(DEPRECATED) Apache Flink User Mailing List archive.

keep-alive job strategy

Classic

List

Threaded

2 messages Options

Rob

keep-alive job strategy

Hello
I have set up a cluster and added taskmanagers manually with bin/taskmanager.sh start.
I noticed that if i have 5 task managers with one slot each and start a job with -p5, then if i stop a taskmanager the job will fail even if there are 4 more taskmanagers.

Is this expected (I turned off restart policy)?
So the way to ensure continuous operation of a single "job" is to have e.g. 10 TM and deploy 10 job instances to fill each of 10 slots?
Or if I have a job that does require -p3 for example, I should always have at least 3 TM alive?

Many thanks!
-Rob

Fabian Hueske-2

Re: keep-alive job strategy

Hi Rob,

yes, this behavior is expected.
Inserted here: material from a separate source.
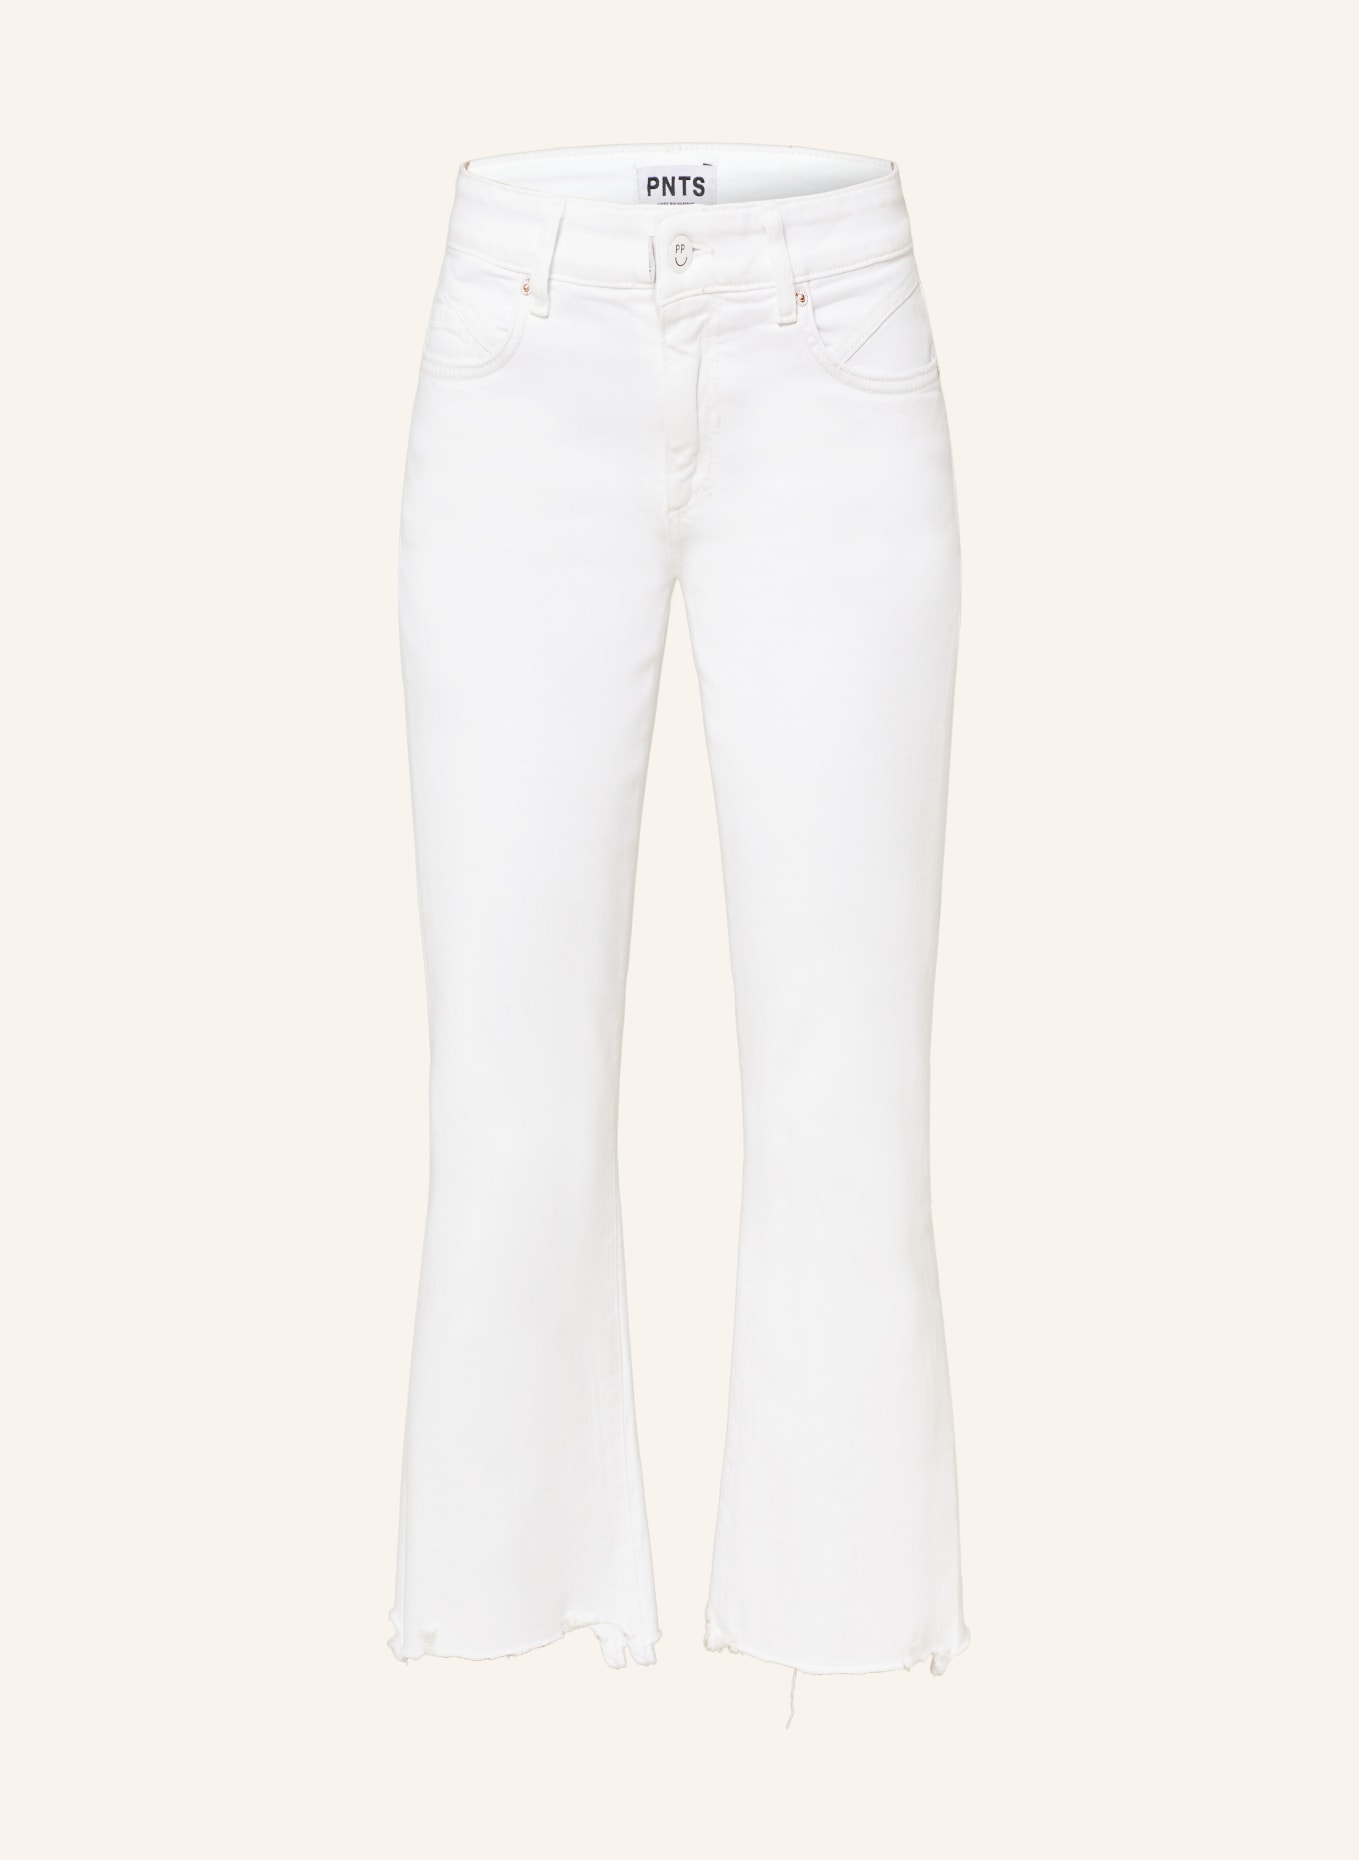 PNTS 7/8 jeans THE MINI B, Color: 99 SNOW WHITE (Image 1)

Flink does not automatically scale-down a job in case of a failure.

You have to ensure that you have enough resources available to continue processing.

In case of Flink's cluster mode, the common practice is to have stand-by TMs available (the same is true for JMs if you need a HA setup).

Best, Fabian

2017-10-06 13:56 GMT+02:00 r. r. <[hidden email]>:

Hello
I have set up a cluster and added taskmanagers manually with bin/taskmanager.sh start.
I noticed that if i have 5 task managers with one slot each and start a job with -p5, then if i stop a taskmanager the job will fail even if there are 4 more taskmanagers.

Is this expected (I turned off restart policy)?
So the way to ensure continuous operation of a single "job" is to have e.g. 10 TM and deploy 10 job instances to fill each of 10 slots?
Or if I have a job that does require -p3 for example, I should always have at least 3 TM alive?

Many thanks!
-Rob